Siamo nel novembre 2016, Coletta è stato eletto cinque mesi prima con numeri schiaccianti. Gianluca Di Silvio parla con una persona a lui vicina, tale Fabio (all’epoca in corso di identificazione), all’interno di una Lancia Y in sosta.

Dopo aver parlato di altri argomenti, i due commentano l’esito delle ultime elezioni e la vittoria di Coletta. «Porco giuda - dice Gianluca Di Silvio - non è un sindaco, è un poliziotto oh, dategli il distintivo».

Fabio risponde: «Mamma davvero... E io che l’ho votato. Mi padre ha detto “votalo votalo”, ma chi lo sapeva che andava a finì così però... Perché mi padre ha detto è impiccioso più Calandrini, ha detto provamo questo che è uno nuovo, ma mai a sapè sta fine...».

“Fabio” continua a commentare: «Io all’inizio ho votato Casapound, poi al ballottaggio so andato a votà sto Coletta, non lo avessi mai fatto porco due!».

Anche Gianluca Di Silvio è preoccupatissimo: «E’ passato Ce distrugge a tutti!».
Fabio: «E’ passato pure bene, è passato proprio con l’appoggio di quasi tutta la città, non è che è passato, dici, metà e metà, se l’è cavata, è passato proprio pulito come la Raggi a Roma, è passato proprio con il consenso di tutti».

Il grande successo elettorale di Coletta spaventa il clan, come si evince chiaramente dalle parole di Gianluca Di Silvio il quale si stupisce del fatto che il suo interlocutore, Fabio, abbia votato il neosindaco, per poi pentirsene. 

Di Silvio, durante la conversazione, racconta di essere stato pagato per acclamare un altro candidato in un comizio imprecisato: «Mo te dico n’altra cosa che tu non sai, c’hai presente quando loro fanno i comizi e ce sta quello che tifa per loro, eh, quello che porta la bandiera e trenta persone (...). A me m’hanno proprio pagato pe’ fallo, proprio mo nel tempo delle elezioni, lo sai?».

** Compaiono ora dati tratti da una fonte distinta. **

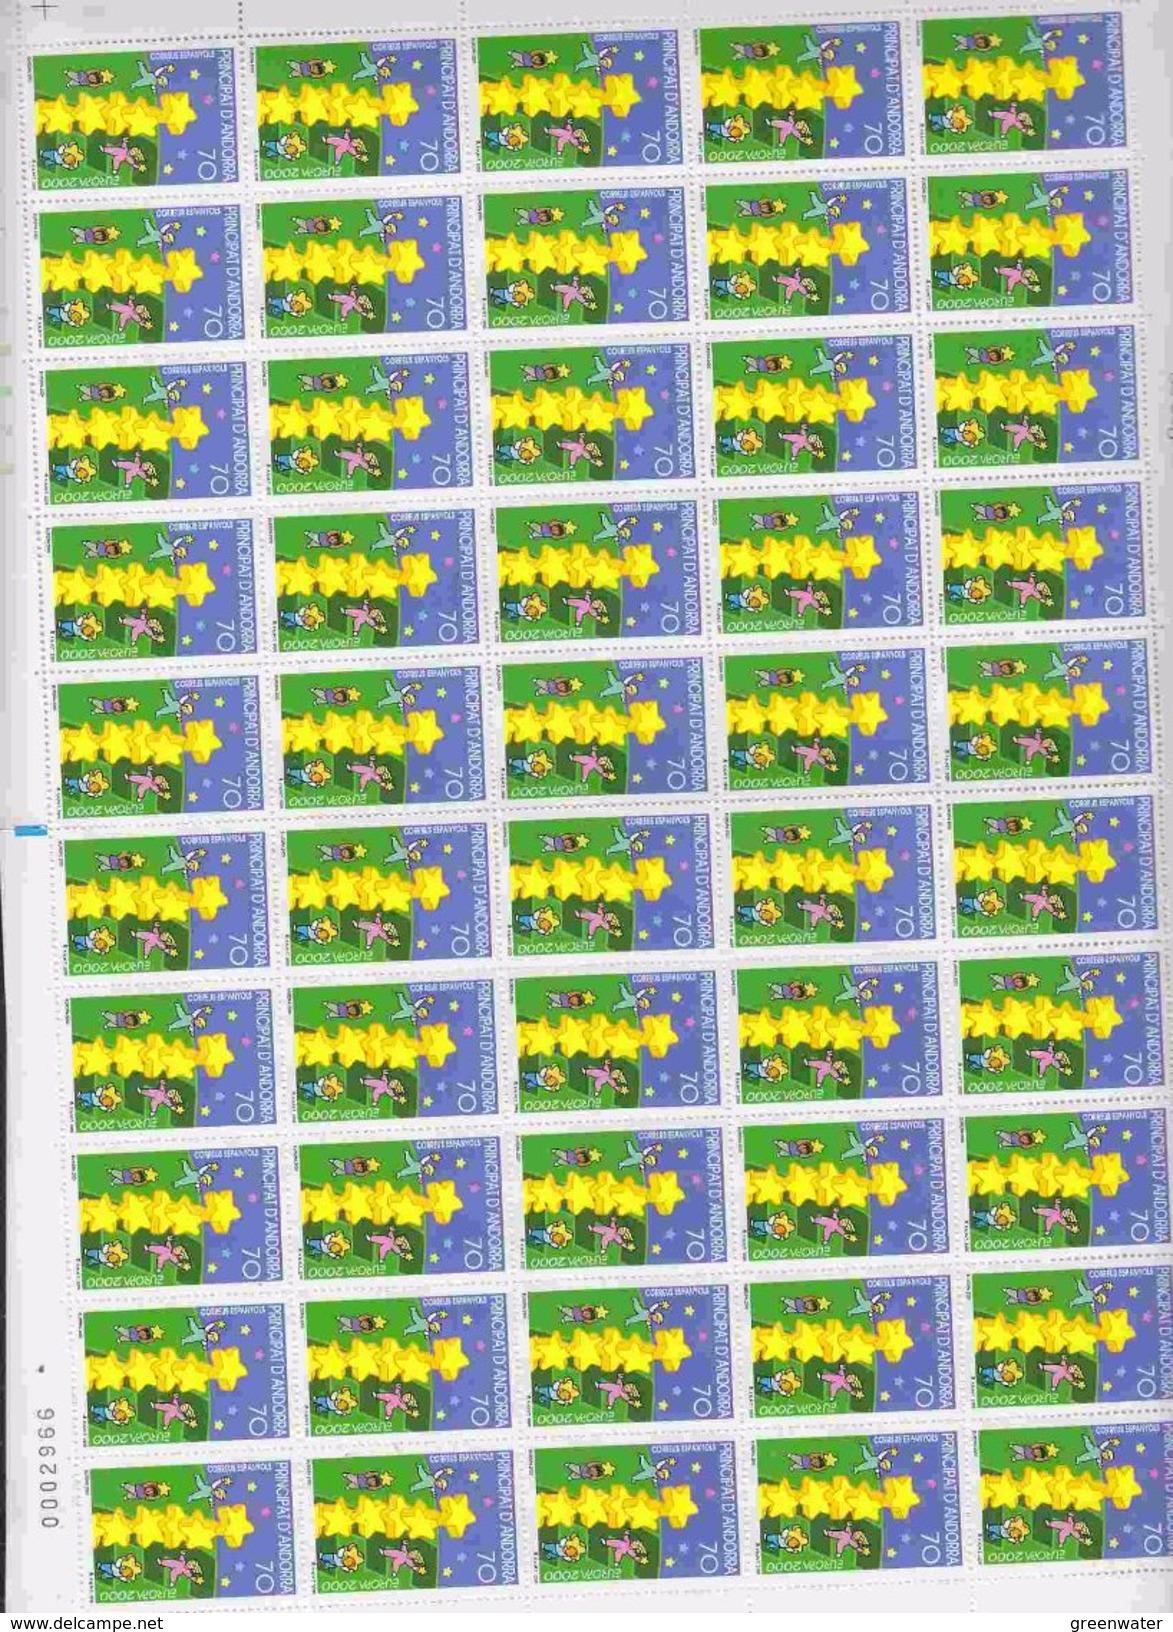 Europa Cept 2000 Andorra Sp 1v Sheetlet (shtlt Is 1x Folded) ** Mnh (F6727) - Europa-CEPT

La conversazione del 2016 prosegue con il racconto, piuttosto colorito, del comizio di Renzi a Latina. Anche lui non è certo amato dai due, come si evince chiaramente dalla conversazione intercettata dagli investigatori. «Io pure stavo là - racconta “Fabio” - me so ritrovato in mezzo a quartieri che manco ce entravo io, solo per insultarlo (...). Passo dietro du camionette de celerini (...), uno me prende sotto braccetto, poi vabbè so arrivati altri sette, otto... Ho detto è meglio che me ne vado, ho visto i gradi, poi li riconosco ormai (...). Quello m’ha visto incappucciato, ha detto questo mo chissà che cazzo deve fa, invece poi me so tolto il cappuccio, ho detto eh, volevo solo da’ no scatarro in faccia, ho detto... senti è possibile?».
Gianluca Di Silvio: «Da schiattallo proprio».

Fabio prosegue: «Non gli ho detto niente, sempre meglio rimanè nell’anonimato qua, quel celerino magari te lo ritrovi pure in pattuglia normale (...). Non era un appuntato, era quello che dirigeva la celere quel giorno. Noi stavamo a insultà sotto i portici del Supercinema, è uscita quella della Digos, ha fatto toglie il megafono (...), ho detto è meglio che me ne vado perché già mi padre m’ha fatto dumila intrippi, non te andà a piglià denunce eh...».

Conversazioni che sembrano la sceneggiatura di una fiction e invece rappresentano la realtà di un clan che ha dominato per anni sul territorio, contando su appoggi eccellenti.

I 500 VOTI DEI TIFOSI DEL LATINA CALCIO
​Il 16 luglio 2018 nell’interrogatorio del pentito Riccardo Agostino(nella foto) si fanno numerosi riferimenti al sostegno del clan Di Silvio a diversi politici locali. Dichiarazioni e ipotesi che sono al vaglio degli investigatori. In riferimento alla campagna elettorale di Terracina, Agostino Riccardo sostiene che la sorella di Angelo Travali (detto Palletta) «tartassava Gina Cetrone dicendole che il marito, Francesco Viola, anche se detenuto, avrebbe curato la sua campagna elettorale».
Ma secondo il pentito «Cetrone aveva perso la fiducia nei confronti di Francesco Viola perché in occasione delle elezioni regionali del 2013 quest’ultimo le promise 500 voti dei tifosi della curva del Latina Calcio,ma poi i voti andarono a (omissis). Essendo successivamente passato io con il clan Di Silvio di Armando, presi in mano io la campagna elettorale».
I verbali dell’interrogatorio sono pieni di “omissis” per tutelare lo sviluppo delle indagini. 

I LEGAMI CON I CASAMONICA
Dalle dichiarazioni del pentito Riccardo Agostino emergono i legami tra la famiglia dei Di Silvio e i Casamonica di Roma: «GianfrancoMastracci reclutava giovani per mostrargli comemaneggiare le armi, è stato anche sorvegliato speciale. Quando è stato latitante è stato appoggiato presso la famiglia Casamonica di Roma tramite i fratelli Travali. Infatti Velia Casamonica, nonna dei Travali, è la sorella di Vittorio Casamonica, quello famoso dei funerali con i cavalli e l’elicottero. Angelo Travali (...) voleva andare al funerale di Vittorio Casamonica, suo zio carnale. Nell’occasione si sentiva telefonicamente con la moglie per sapere se poteva andare al funerale di questo boss dei boss su Roma». Riccardo Agostino ha fornito agli investigatori anche dei dettagli sulle armi che erano disponibili per il clan.